The presented AQC, instead, cannot only properly operate the detector but it also provides the timing information on the arrival time of the photon with a FWHM jitter down to 119 ps, as shown by the Instrumentation Response Function (IRF) in Fig. 9 . The setup consisted of an ultrafast laser diode (Antel MPL-820 laser module) emitting optical pulses at 820 nm with about 10 ps FWHM and a TCSPC module (Becker&Hickl SPC-130). The B&H module receives the electrical output of the laser, which is synchronous to the optical signal, as sync input (STOP) and a NIM signal provided by a PCB mounting the 100 µm-diameter SPAD and the AQC as CFD input (START). This result opens the way to the exploitation of the designed AQC also in all those applications where a timing jitter around 100 ps is satisfactory, with the advantage of reducing the complexity of the system removing the need of a pick-up circuit. The measurement has also been repeated varying the background light intensity: Fig. 10 shows that dark count rates variations in the wide range spanning from 10 kcps to 2 Mcps result in a shift of the IRF peak as low as 20 ps, making the circuit perfectly suitable to perform timing measurements even in presence of large background variations.
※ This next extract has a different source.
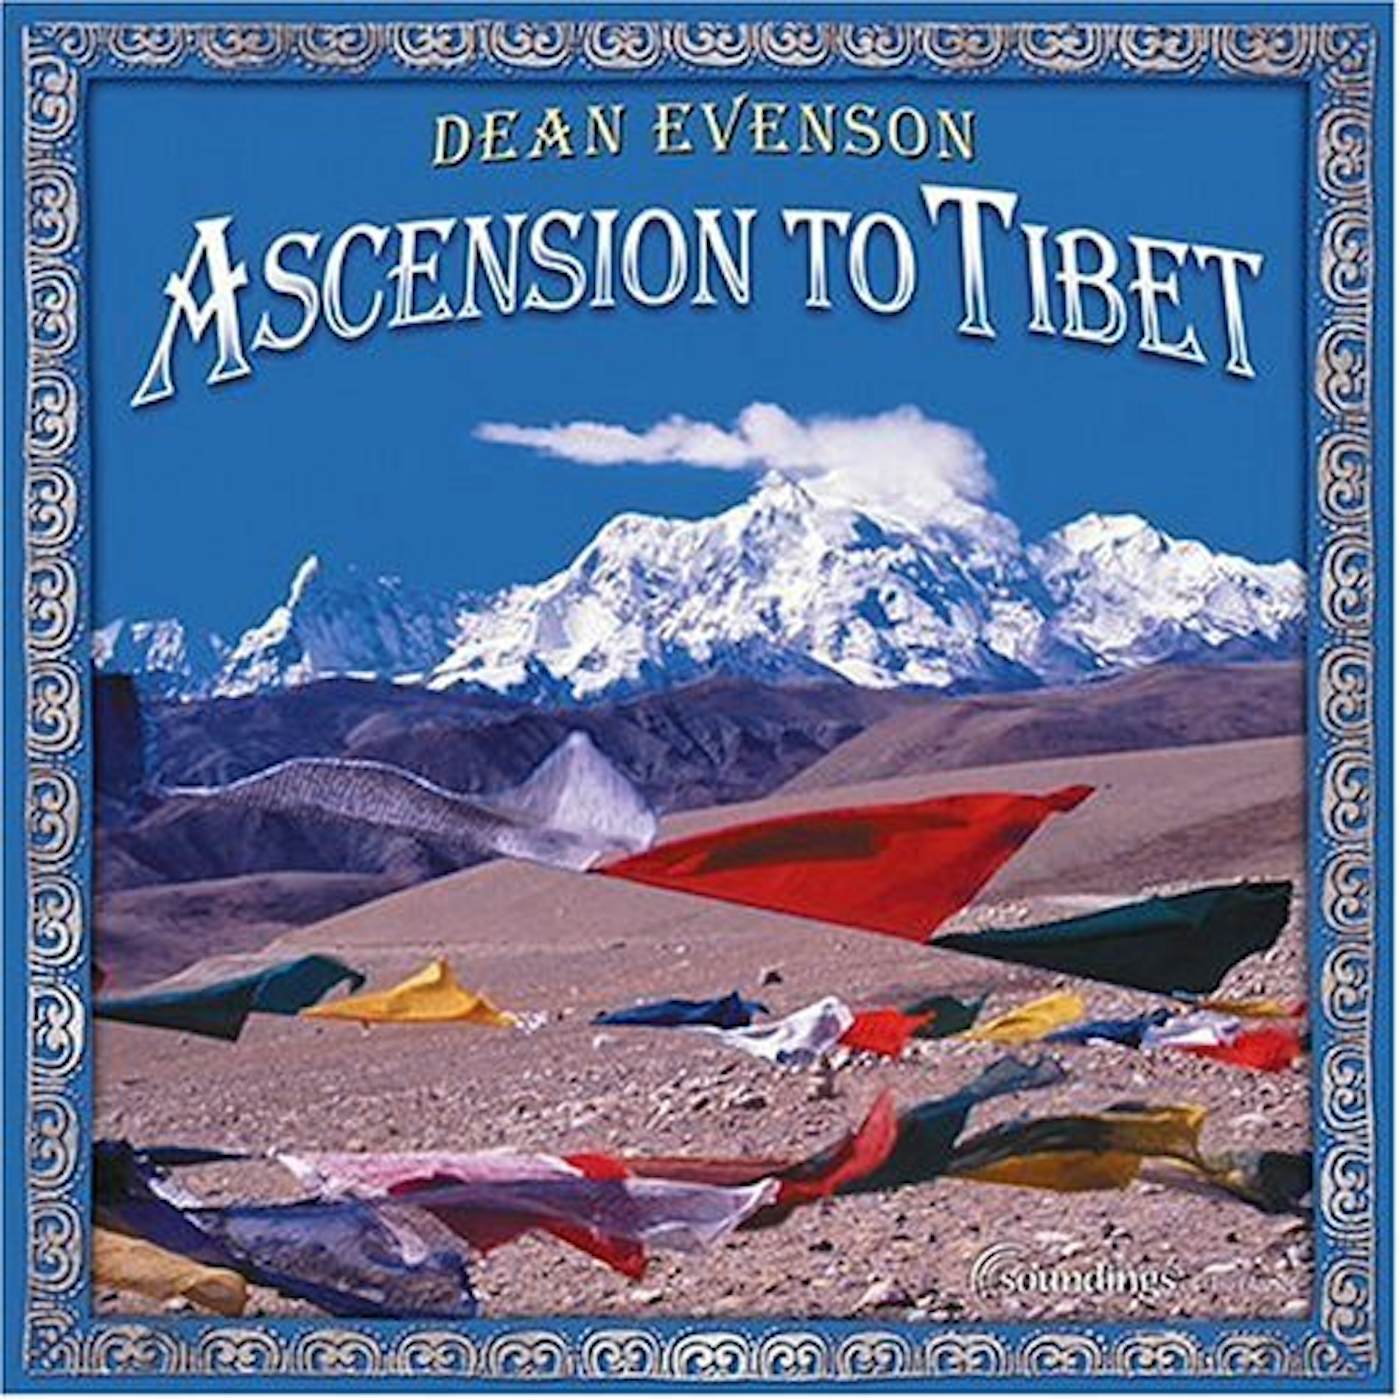 Dean Evenson ASCENSION TO TIBET CD

Power dissipation of the circuit has been evaluated: the contribution of the logic circuits (High-Side Logic, Low-Side Logic and voltage translators) is lower than 200 µW at 10MHz; this contribution makes the presented circuit suitable for AQC arrays and it is negligible with respect to the typical contribution due to the current flowing from the detector that depends on the characteristics of the detector itself and on the applied overvoltage.
Conclusions
We presented a new fully integrated Active Quenching Circuit (AQC): the designed circuit has been fabricated in a High Voltage 180 nm standard CMOS technology and experimentally characterized with two different SPAD detectors. This is the first integrated AQC that can provide quenching pulses up to 50 Volts to the detector, thus being capable of driving SPADs of different technologies including the new RE-SPAD. Thanks to its architecture, the circuit can achieve a state-of-art counting rate of 82 Mcounts/s with an external SPAD and it provides a photon counting output pulse with a timing jitter as low as 119 ps FWHM. Its compact design makes this circuit suitable to be the building block of AQC arrays for multichannel acquisition systems exploiting custom technology SPAD arrays.
Funding
National Institute of General Medical Sciences of the National Institutes of Health (NIH) (5R01 GM095904).